*PROBLEM REQUIREMENTS*
A letter-for-letter copy of the listing is required, with no pictures in it.

*SOURCE DATA*

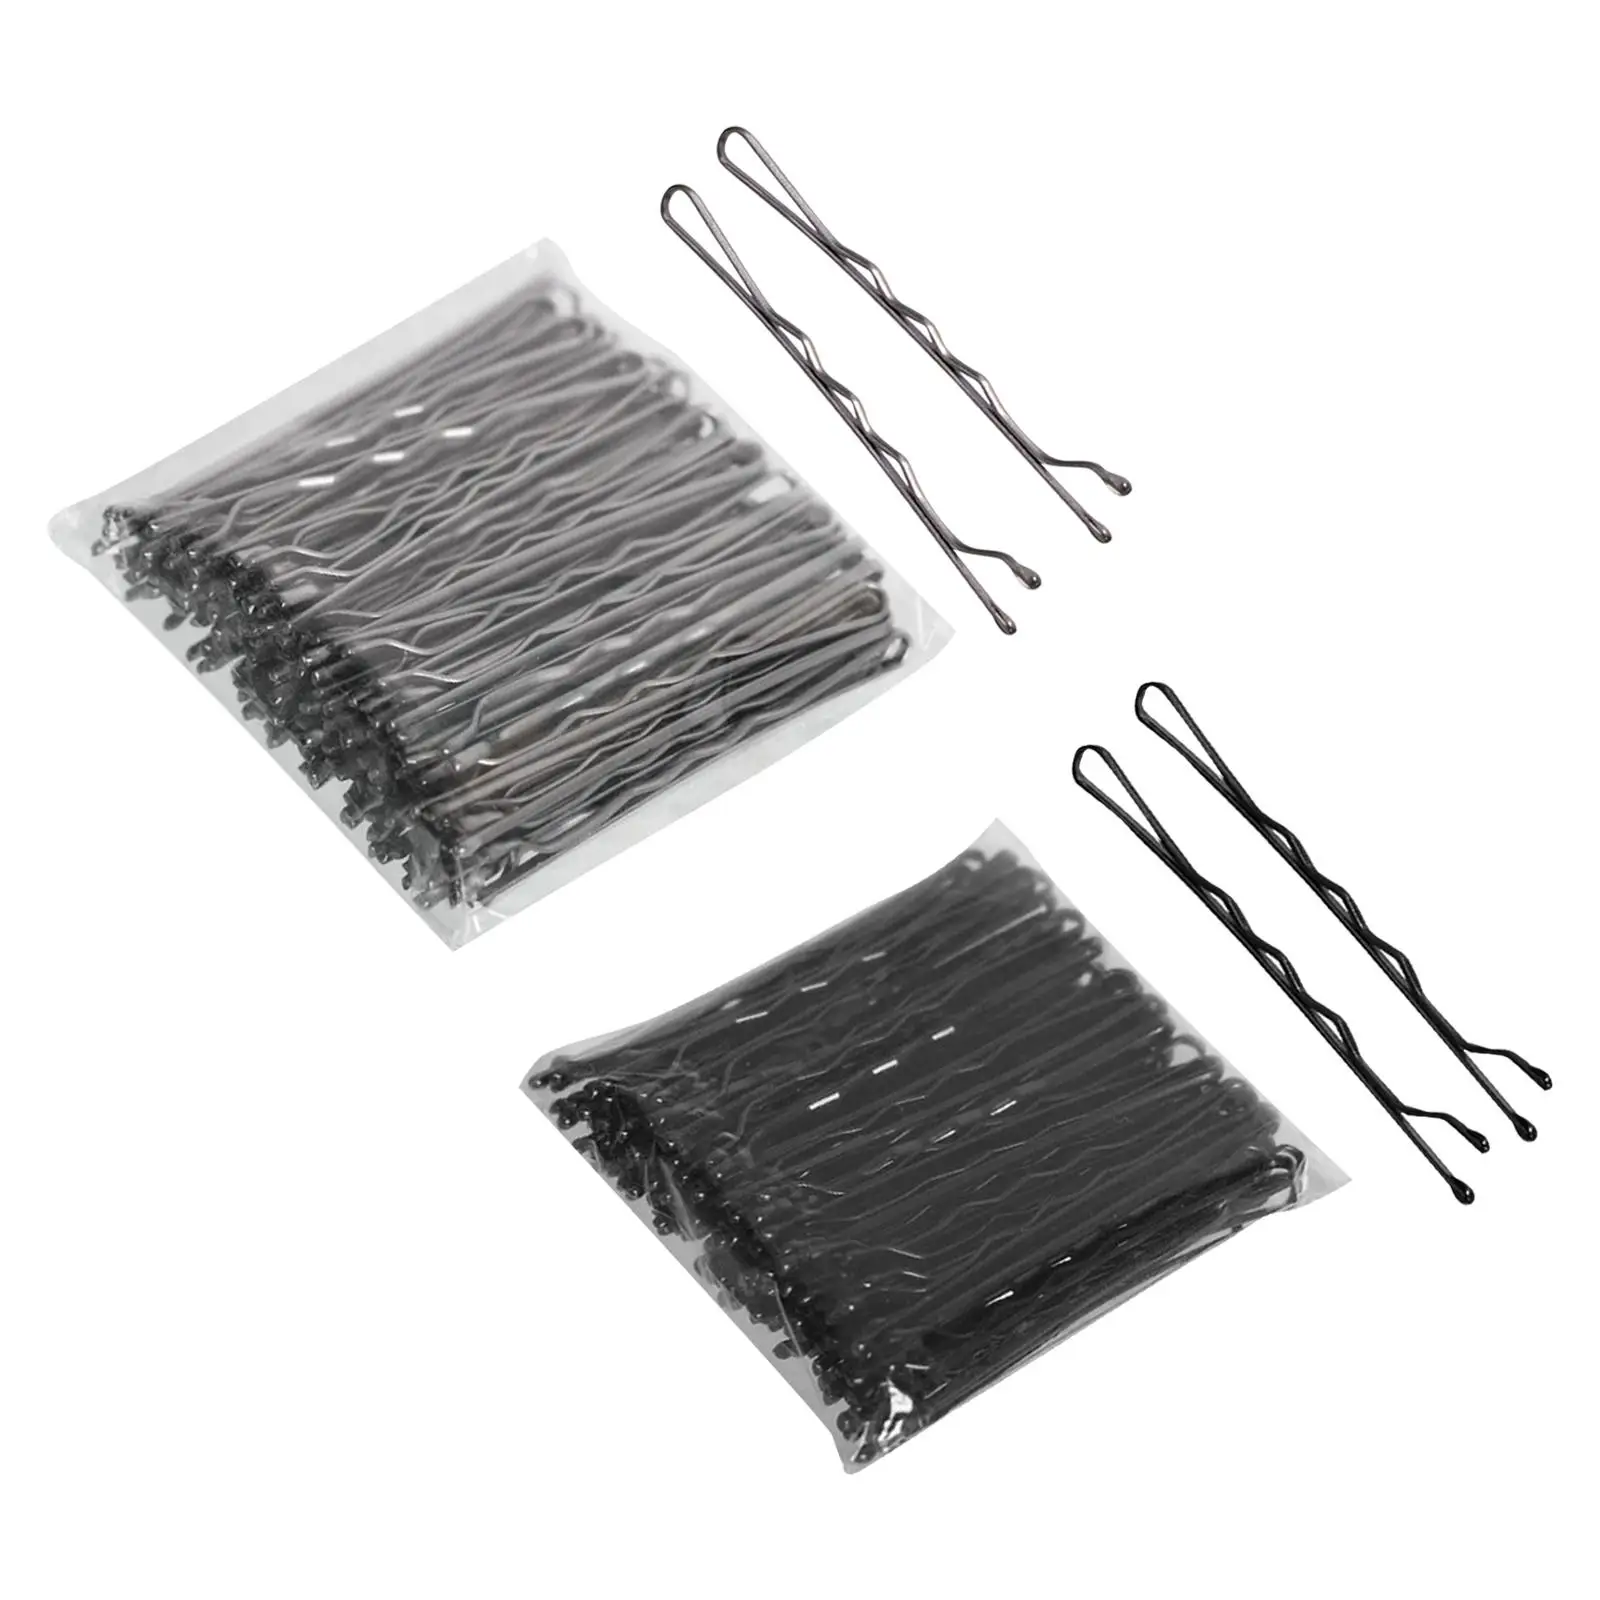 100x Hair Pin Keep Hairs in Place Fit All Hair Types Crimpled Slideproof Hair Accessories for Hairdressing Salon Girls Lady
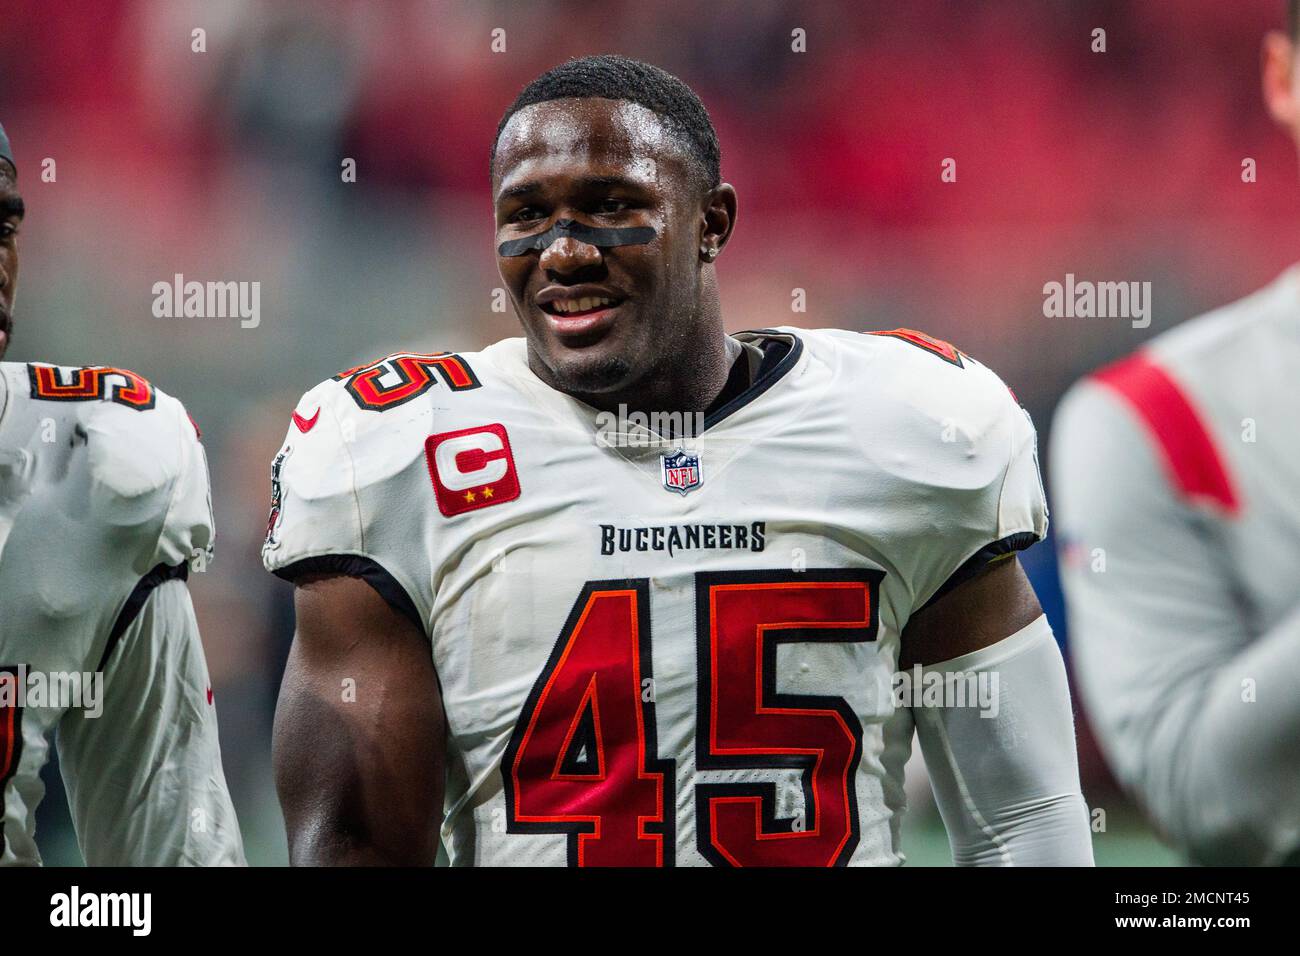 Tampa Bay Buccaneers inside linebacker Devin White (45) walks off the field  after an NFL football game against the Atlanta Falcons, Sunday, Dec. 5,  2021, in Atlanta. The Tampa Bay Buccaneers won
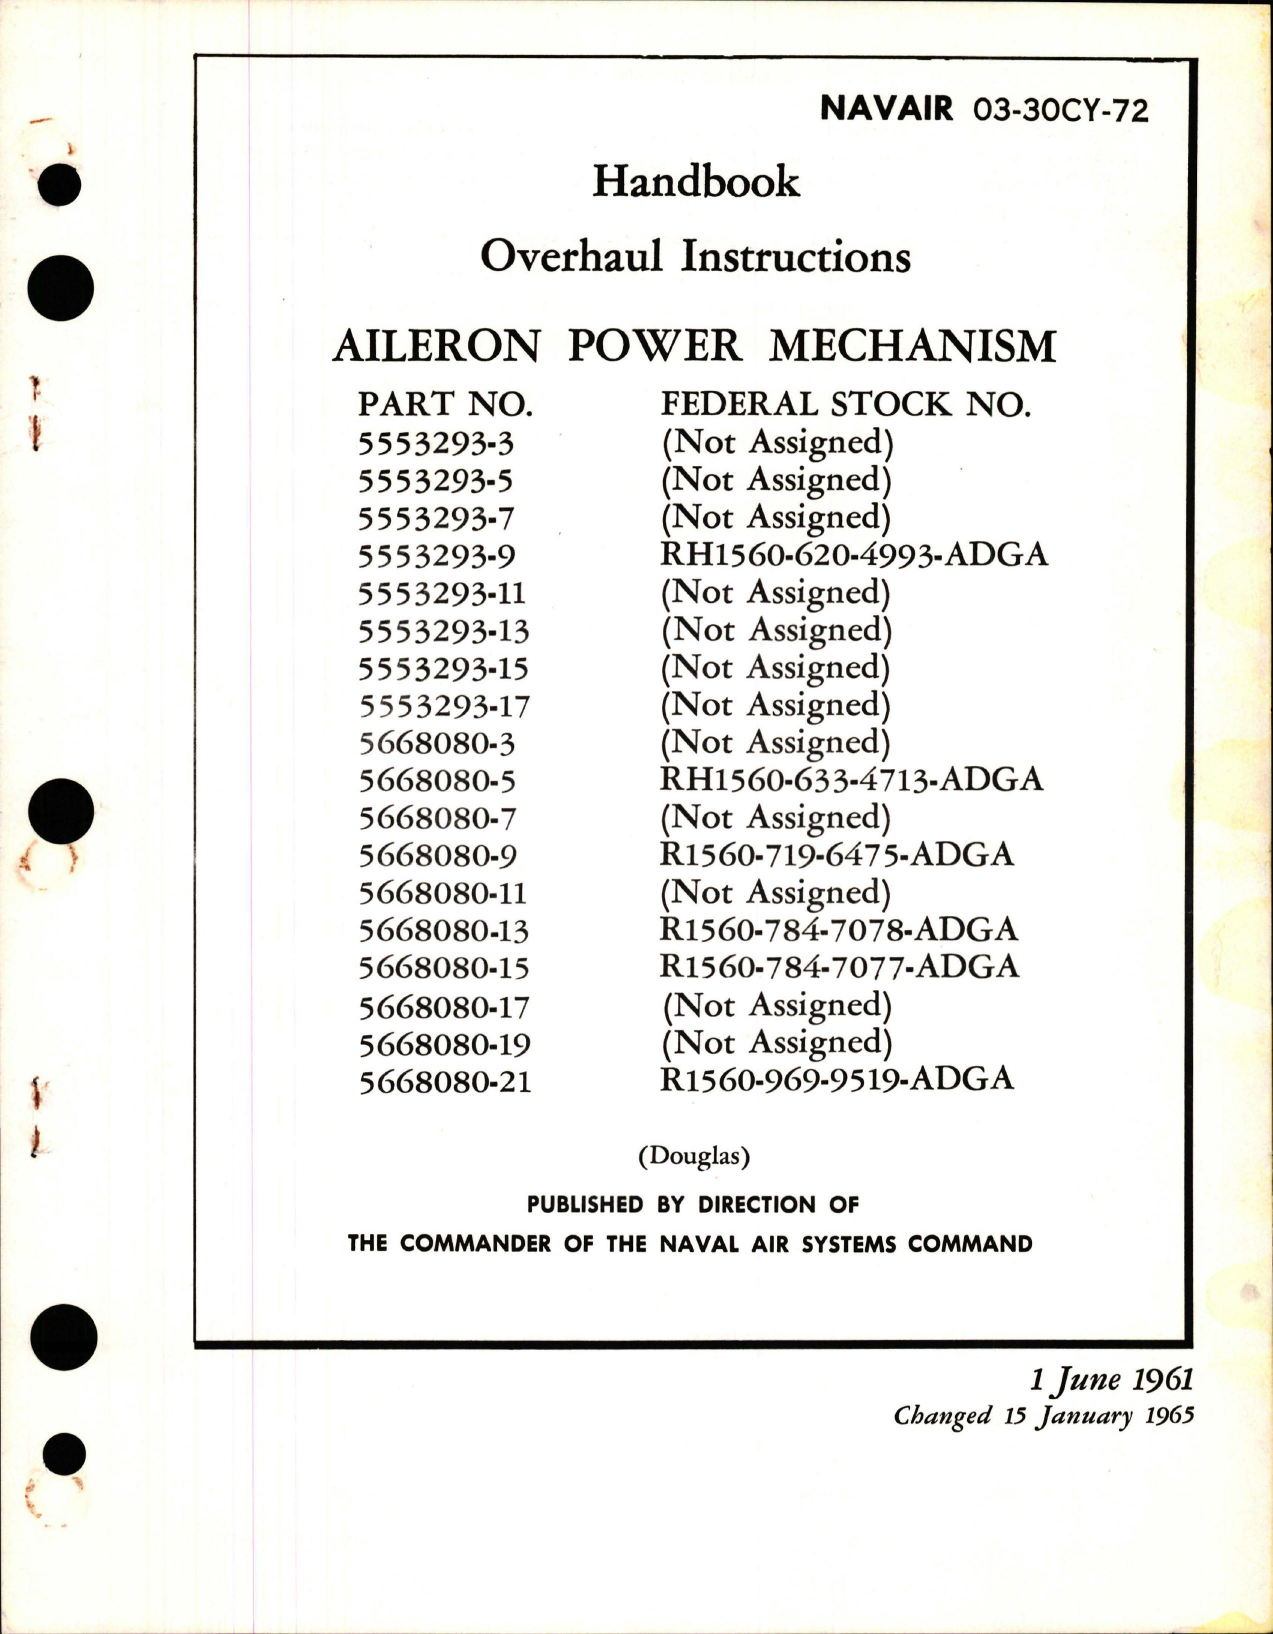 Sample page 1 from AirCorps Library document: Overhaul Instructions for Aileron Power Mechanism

*RESULT*
 100x Hair Pin Keep Hairs in Place Fit All Hair Types Crimpled Slideproof Hair Accessories for Hairdressing Salon Girls Lady
 Tampa Bay Buccaneers inside linebacker Devin White (45) walks off the field  after an NFL football game against the Atlanta Falcons, Sunday, Dec. 5,  2021, in Atlanta. The Tampa Bay Buccaneers won
 Sample page 1 from AirCorps Library document: Overhaul Instructions for Aileron Power Mechanism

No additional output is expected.